The Company has incurred recurring losses since its inception, including net losses of $29.8 million for the six months ended June 30, 2022. As of June 30, 2022, the Company had an accumulated deficit of $22.2 million and for the six months ended June 30, 2022 had negative cash flows from operations of $19.7 million. The Company expects to continue to generate operating losses and negative operating cash flows for the foreseeable future as it continues to develop the RaniPill capsule. The Company expects that its cash and cash equivalents of $97.2 million as of June 30, 2022 will be sufficient to fund its operations through at least twelve months from the date the condensed consolidated financial statements are issued. The Company expects to finance its future operations with its existing cash and through strategic financing opportunities that could include, but are not limited to, future offerings of its equity, collaboration or licensing agreements, or the incurrence of debt. However, there is no guarantee that any of these strategic or financing opportunities will be executed or realized on favorable terms, if at all, and some could be dilutive to existing stockholders and holders of interests in the Company. The Company will not generate any revenue from product sales unless, and until, it successfully completes clinical development and obtains regulatory approval for the RaniPill capsule. If the Company obtains regulatory approval for the RaniPill capsule, it expects to incur significant expenses related to developing its internal commercialization capability to support manufacturing, product sales, marketing, and distribution.

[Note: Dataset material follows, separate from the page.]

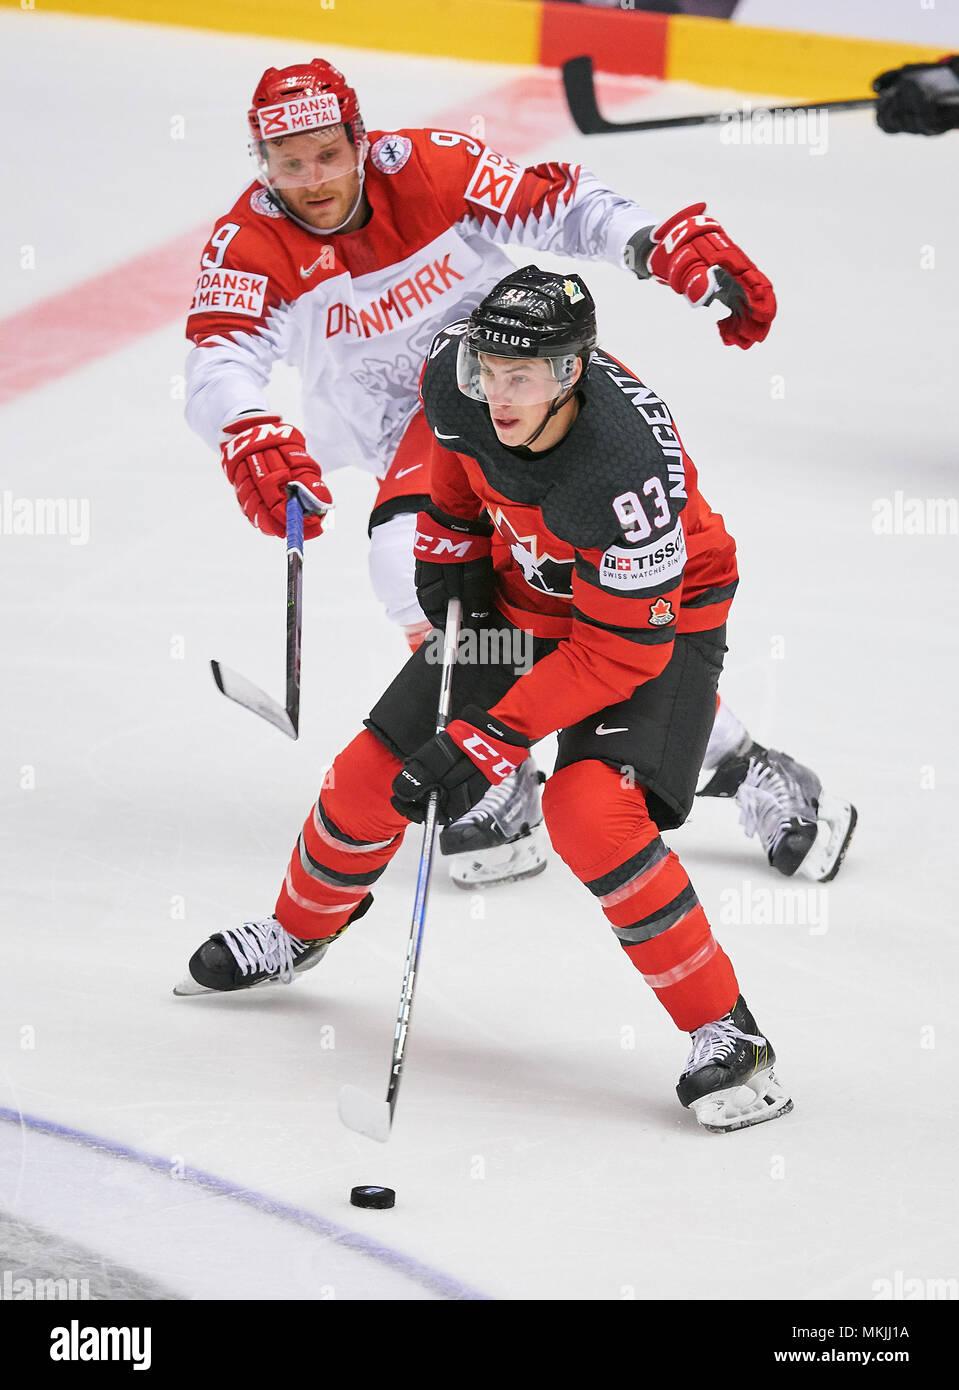 Herning, Denmark May 07, 2018. IIHF Ice Hockey World Cup 2018, Herning, May 07, 2018 Ryan NUGENT-HOPKINS, CAN 93 Frederik STORM, DAN 9   CANADA - DENMARK 7-1 Icehockey Worldcup 2018 DEB , in Herning, Denmark May 07, 2018 © Peter Schatz / Alamy Live News Stock Photo

The Company’s ability to raise additional capital through either the issuance of equity or debt, is dependent on a number of factors including, but not limited to, the market interest of the Company, which itself is subject to a number of development and business risks and uncertainties, as well as the uncertainty that the Company would be able to raise such additional capital at a price or on terms that are favorable to the Company. Market volatility resulting from the novel coronavirus disease (“COVID-19”) pandemic or other factors could also adversely impact the Company’s ability to access capital when and as needed.